Life Insurance is one of the most important financial product you should buy and yet, is often the most mis-sold product in India. Considering this, are you making the right choice, and moreover, are you buying life insurance for the right reasons?
Here are 4 questions to help you decide.
Question 1: Do you really need it?
Unlike other products or services you buy, you are not the beneficiary when you buy insurance. So who will get the money if you are not around anymore?
You need life insurance as long as someone is dependent on your income to take care of their expenses and would be affected financially if you were gone. No dependents? Then you don’t need life insurance.
Question 2: Are you buying life insurance or trying to save tax?
If you are like a lot of Indians, you probably have thought of life insurance as a tax saving option or an investment. While life insurance premiums are eligible for tax deductions, thinking of life insurance because you want to save tax is wrong. There are much better ways to save tax.
Life insurance is an expense and you should treat it as one. Don’t expect returns from it or buy it as an investment option. This means you should normally stick to a good term plan that meets your expectations.
Question 3: How much do you need? How long is the cover for?
Life Insurance cover is meant to act as a replacement for your take home income. Most experts believe, you should insure for at least 10-30 times your current annual take home earnings.
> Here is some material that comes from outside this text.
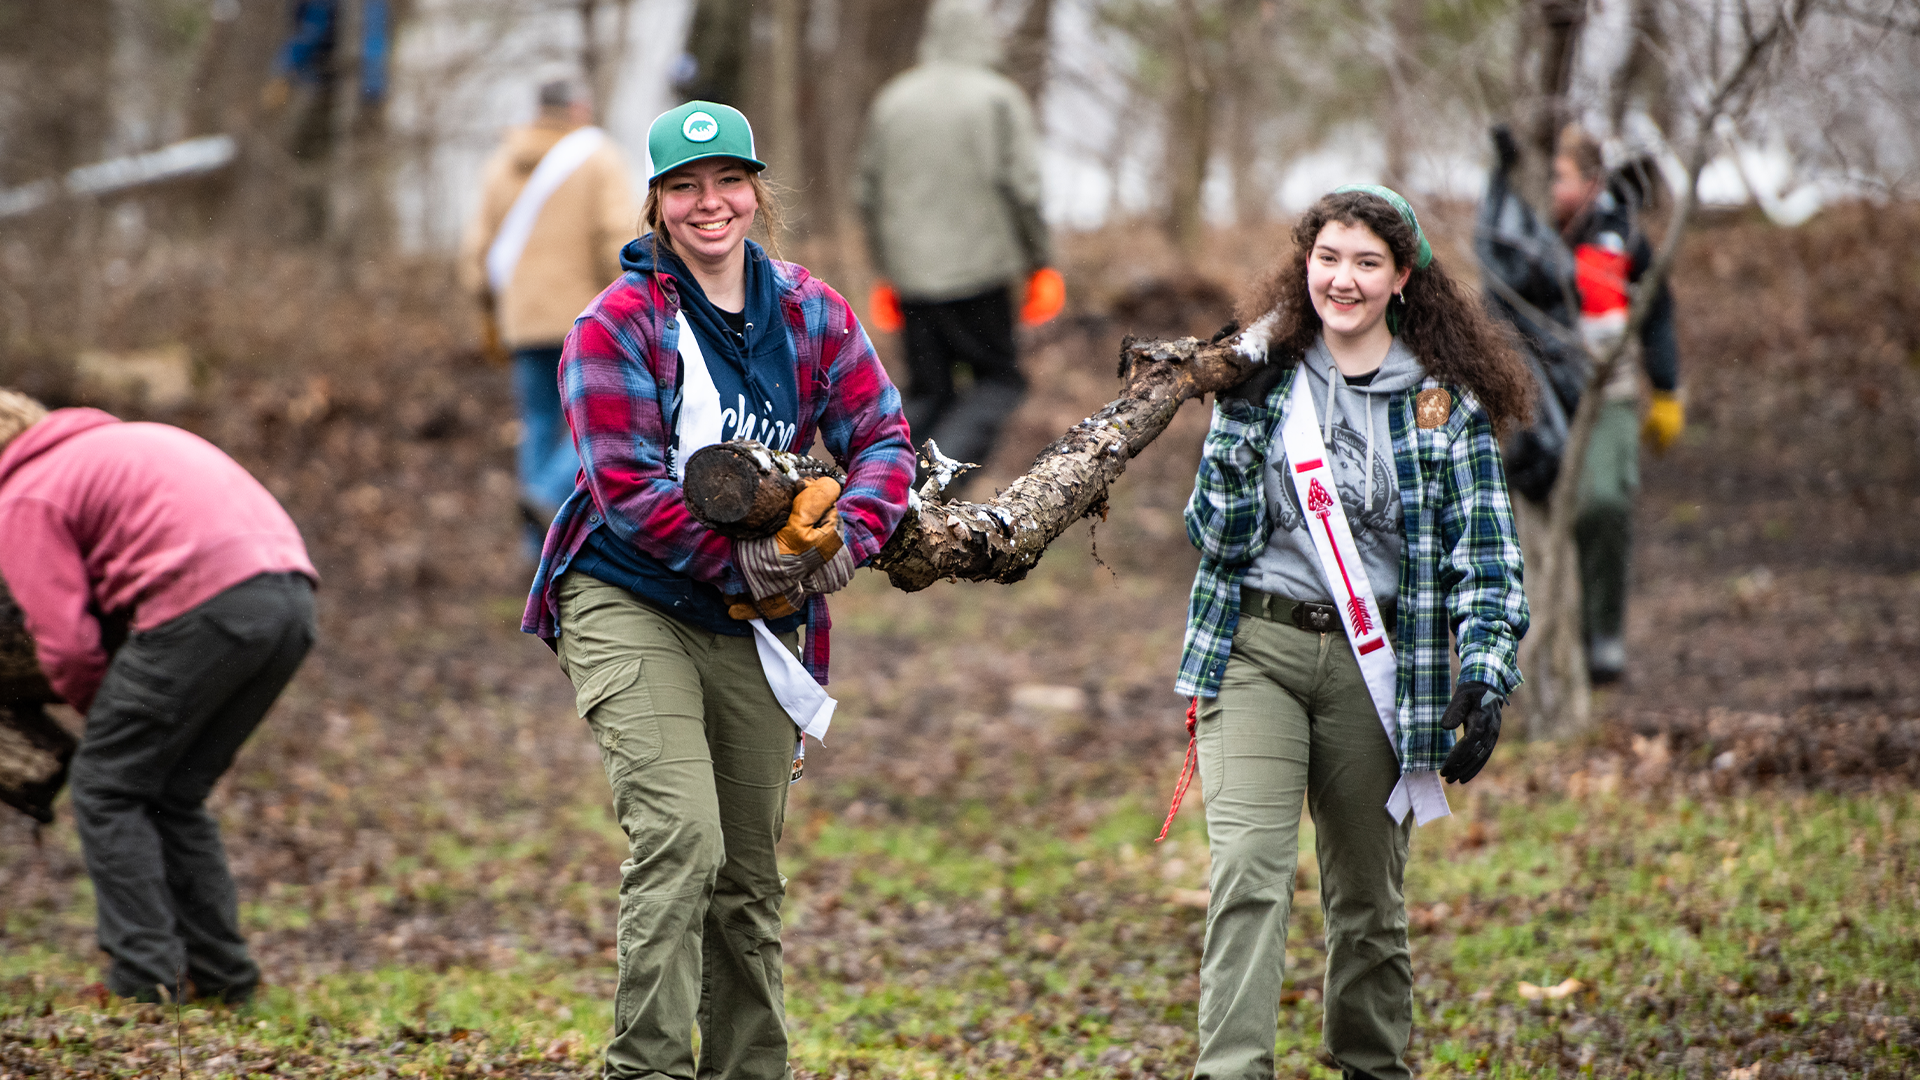 Two female Scouts wearing OA sashes are smiling while carrying a large tree branch as part of a cleanup project. Four other people are seen in the background also working on cleaning up.

This also means that you have to upgrade your policy at different stages in line with your income. This is where duration comes in. The longer the duration, the higher would be the cover.
Here’s a quick rule of thumb for figuring out how much life insurance coverage is required.
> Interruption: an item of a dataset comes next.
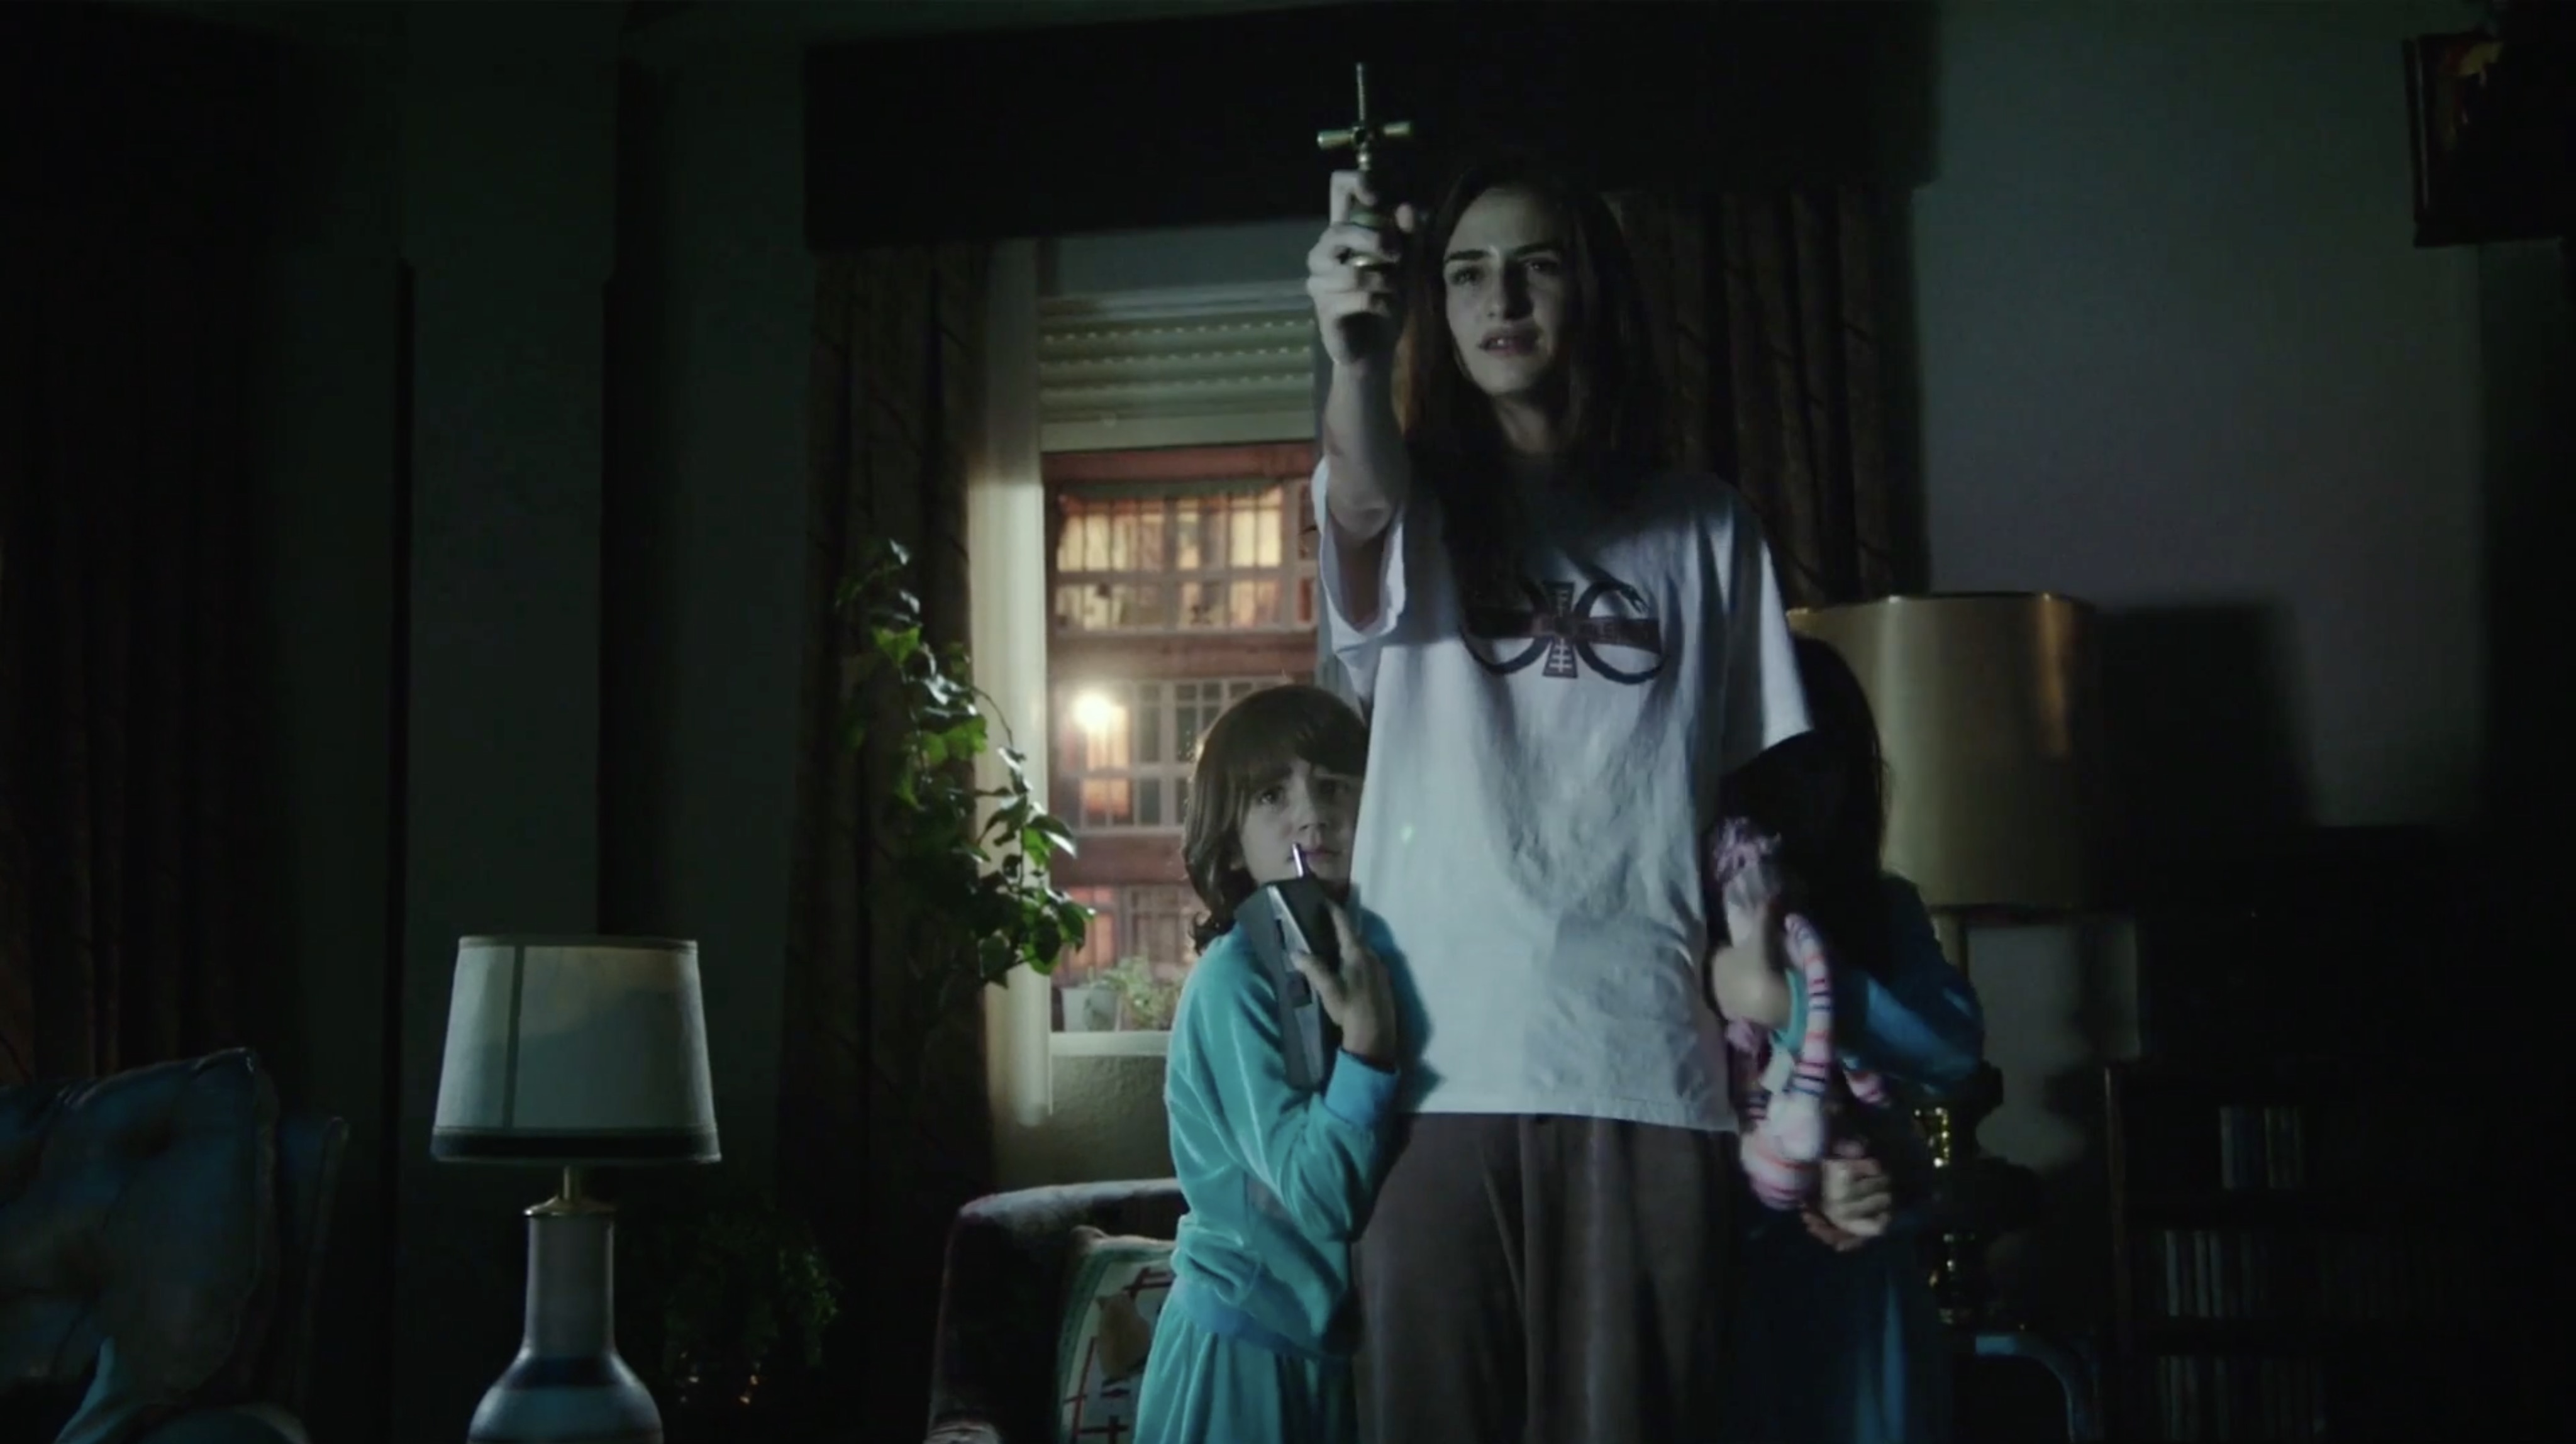 Veronica (Sandra Escacena) (c) holds up a crucifix to ward off evil while protecting her sisters Bruna Gonzalez (l) and Claudia Placer (r) in Veronica (2017)

Find out how much money your dependents require to maintain their current lifestyle. Use this to figure out how much money they need to invest in a safe instrument like Bank FD or debt mutual fund to get the same amount as interest after tax. Also consider money required for life goals like children’s education, marriage, medical contingencies etc.
The figure you arrive at is roughly the life insurance cover you need.
Keep in mind that living expenses increase every year. So make sure your insurance coverage is also increased to support the increased living expenses.
Question 4: How much can you afford to pay?
The next question is, how much do you have to pay as life insurance premium (the amount you will pay the insurance company every year or quarter)?
Life insurance doesn’t necessarily have to cost you a lot. Let’s first understand what affects how much you pay as premium.
- Your Age
The younger you are, the cheaper your life insurance premium will be.
Note: You normally don’t need insurance once you cross 50 as generally, you would have accumulated most of your savings by then (and also invested them).
- Your medical history as well as your lifestyle habits
If you have no family history of serious illnesses such as heart disease then this will reduce your life insurance premium. Negative lifestyle habits, such as smoking, increase your premium payable.
- The kind of life insurance plan and its duration
Term Insurance is simply a life insurance plan that is valid for a certain number of years for which you pay a nominal premium. In this plan you will not receive any pay out at the end of the time period decided. The pay-out will happen only in case something untoward happens to you. This is normally also the cheapest option.
Other life insurance plans act as investment vehicles which invest insurance premiums in different kinds of financial instruments. These offer returns which can vary. The premiums in such plans are more as well.
Pro Tip: Always buy term life insurance only. The returns offered by money back insurance policies are typically around 4-6%, a figure that’s way below inflation rates.
- Any riders/ additions that come with the plan
Various riders, such as accidental death benefit, tend to increase the cost of the life insurance. Insurance against particular diseases also can cost you more.